Responsible: The Things We Don’t Want To Do
Responsible: The Things We Don’t Want To Do
Sometimes Nearly every day there is something I have to do that I don’t want to do. A lot of the time these things are trivial, small, doable. Make the bed, shave, cook etc. These are things I don’t want to do, but I have to do them to continue being a functioning adult. I have to be responsible.
Other times, there are things I have to do that carry more weight. There are challenging conversations, events to speak at, things to write, emails to send – the list goes on. These tasks aren’t always things I don’t want to do, but sometimes they are. and despite how If eel towards them, I still have to do them, because I accept a certain level of responsibility regardless of my current emotional landscape. Take this blog right now, for example. I’m hungover, and I don’t necessarily want to put in the effort, but I’m doing it because it what I have promised myself to do.
Being responsible in the face of how we feel isn’t a new idea.

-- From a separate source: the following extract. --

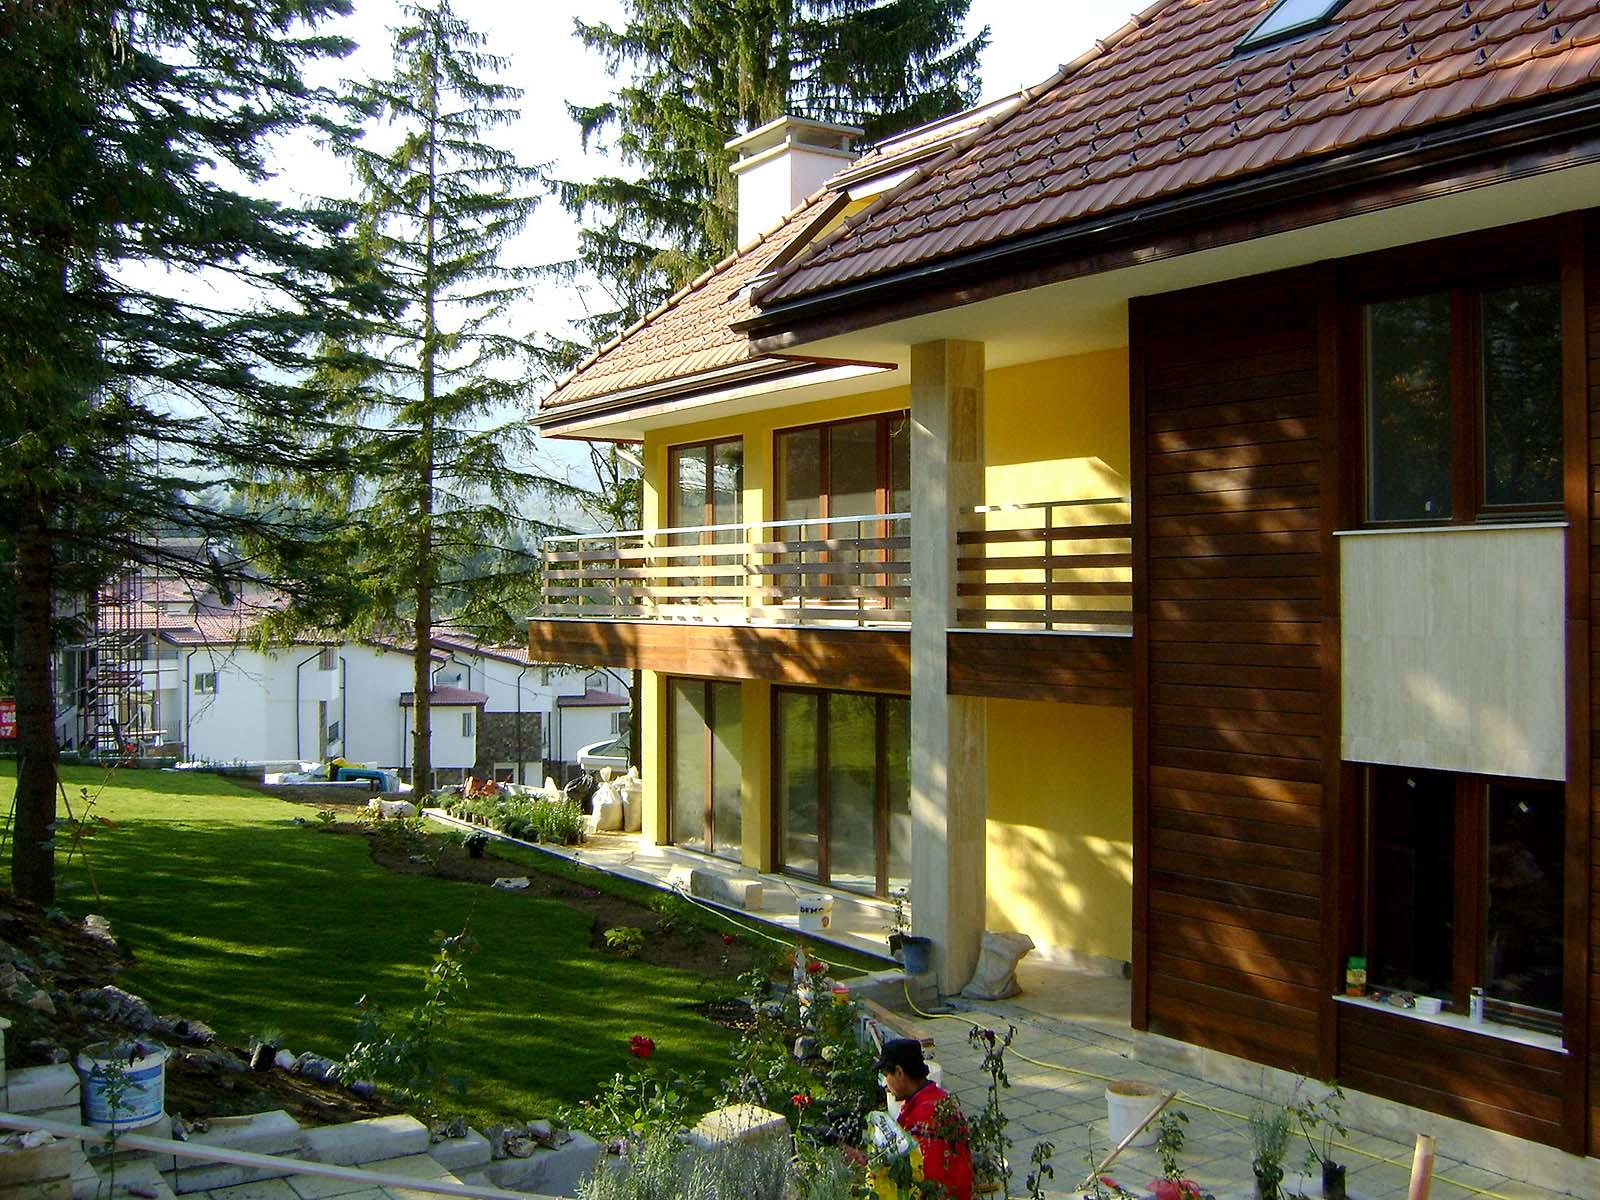 Single Family House, Dragalevtsi. Еднофамилна къща, Драгалевци 01

It’s standard. It’s expected. At least in the more tangible aspects of our lives.
Over the last few years, I’ve come to see looking after my mental health in the same light. Because often, when my mental health is bad, I don’t want to do anything. I don’t want to exercise, I don’t want to talk, or go to therapy, or get enough sleep or drink enough water. My poor mental health makes be detest to do these things.
But now, I look at my mental health the same way I look at every other aspect of my life. Sometimes I will not want to do things. But I have a responsibility to do them. So I do them. I keep doing them. I keep myself disciplined. Because eventually, I know, that I will feel differently, and I’ll find solace in the fact that I maintained my responsibilities to myself, even in my darkest times.